* Task goal: The listing below holds a line with "Jason Gotay in" and a later line with "modern-bathroom-accessories-1". Write out those two lines and every line between them, exactly, and nothing else.

[Information provided]

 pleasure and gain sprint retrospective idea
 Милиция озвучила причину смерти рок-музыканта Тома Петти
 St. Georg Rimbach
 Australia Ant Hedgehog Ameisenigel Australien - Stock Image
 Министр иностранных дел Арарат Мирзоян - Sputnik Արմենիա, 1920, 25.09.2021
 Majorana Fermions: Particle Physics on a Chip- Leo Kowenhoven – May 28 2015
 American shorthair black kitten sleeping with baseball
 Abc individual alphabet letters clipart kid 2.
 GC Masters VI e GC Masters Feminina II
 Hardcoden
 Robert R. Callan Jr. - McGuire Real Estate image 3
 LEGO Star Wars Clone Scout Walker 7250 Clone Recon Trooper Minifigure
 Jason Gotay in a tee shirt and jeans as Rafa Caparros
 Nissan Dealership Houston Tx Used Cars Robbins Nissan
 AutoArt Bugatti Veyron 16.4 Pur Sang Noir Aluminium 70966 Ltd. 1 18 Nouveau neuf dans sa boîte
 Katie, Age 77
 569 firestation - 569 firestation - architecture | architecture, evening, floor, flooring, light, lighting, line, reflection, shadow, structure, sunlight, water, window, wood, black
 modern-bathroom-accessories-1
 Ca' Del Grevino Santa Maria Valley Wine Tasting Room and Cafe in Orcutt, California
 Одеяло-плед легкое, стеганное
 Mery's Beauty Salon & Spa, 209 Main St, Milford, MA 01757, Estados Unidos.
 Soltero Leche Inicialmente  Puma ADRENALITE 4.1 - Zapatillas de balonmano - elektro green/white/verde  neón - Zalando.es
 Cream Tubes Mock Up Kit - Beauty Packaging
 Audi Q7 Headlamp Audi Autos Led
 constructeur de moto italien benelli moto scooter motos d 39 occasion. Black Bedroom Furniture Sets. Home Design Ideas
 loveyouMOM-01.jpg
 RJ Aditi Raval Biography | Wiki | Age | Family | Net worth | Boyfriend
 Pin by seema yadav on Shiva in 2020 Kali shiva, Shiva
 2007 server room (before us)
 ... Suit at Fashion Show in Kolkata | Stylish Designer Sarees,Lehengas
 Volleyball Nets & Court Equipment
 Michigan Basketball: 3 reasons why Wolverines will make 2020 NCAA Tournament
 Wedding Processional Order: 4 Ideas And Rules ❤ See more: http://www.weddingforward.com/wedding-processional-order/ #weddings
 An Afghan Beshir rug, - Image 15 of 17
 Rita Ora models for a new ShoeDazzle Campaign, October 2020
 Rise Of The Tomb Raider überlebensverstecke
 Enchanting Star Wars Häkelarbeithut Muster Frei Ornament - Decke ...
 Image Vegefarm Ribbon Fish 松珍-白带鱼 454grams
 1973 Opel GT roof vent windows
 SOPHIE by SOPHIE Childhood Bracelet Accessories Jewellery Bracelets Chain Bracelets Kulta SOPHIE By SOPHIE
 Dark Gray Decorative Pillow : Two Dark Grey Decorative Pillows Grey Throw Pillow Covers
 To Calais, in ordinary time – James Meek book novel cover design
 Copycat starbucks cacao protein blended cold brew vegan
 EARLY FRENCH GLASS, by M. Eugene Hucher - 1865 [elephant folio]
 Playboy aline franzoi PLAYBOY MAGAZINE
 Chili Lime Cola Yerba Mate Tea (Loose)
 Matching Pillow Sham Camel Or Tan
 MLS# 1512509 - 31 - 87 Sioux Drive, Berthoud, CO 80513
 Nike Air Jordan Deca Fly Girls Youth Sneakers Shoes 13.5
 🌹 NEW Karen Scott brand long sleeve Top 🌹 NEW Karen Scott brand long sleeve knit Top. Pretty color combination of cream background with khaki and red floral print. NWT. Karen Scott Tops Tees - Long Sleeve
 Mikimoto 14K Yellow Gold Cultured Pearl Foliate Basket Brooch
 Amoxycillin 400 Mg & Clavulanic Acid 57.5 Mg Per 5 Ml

[/Information provided]

* Answer section:
 Jason Gotay in a tee shirt and jeans as Rafa Caparros
 Nissan Dealership Houston Tx Used Cars Robbins Nissan
 AutoArt Bugatti Veyron 16.4 Pur Sang Noir Aluminium 70966 Ltd. 1 18 Nouveau neuf dans sa boîte
 Katie, Age 77
 569 firestation - 569 firestation - architecture | architecture, evening, floor, flooring, light, lighting, line, reflection, shadow, structure, sunlight, water, window, wood, black
 modern-bathroom-accessories-1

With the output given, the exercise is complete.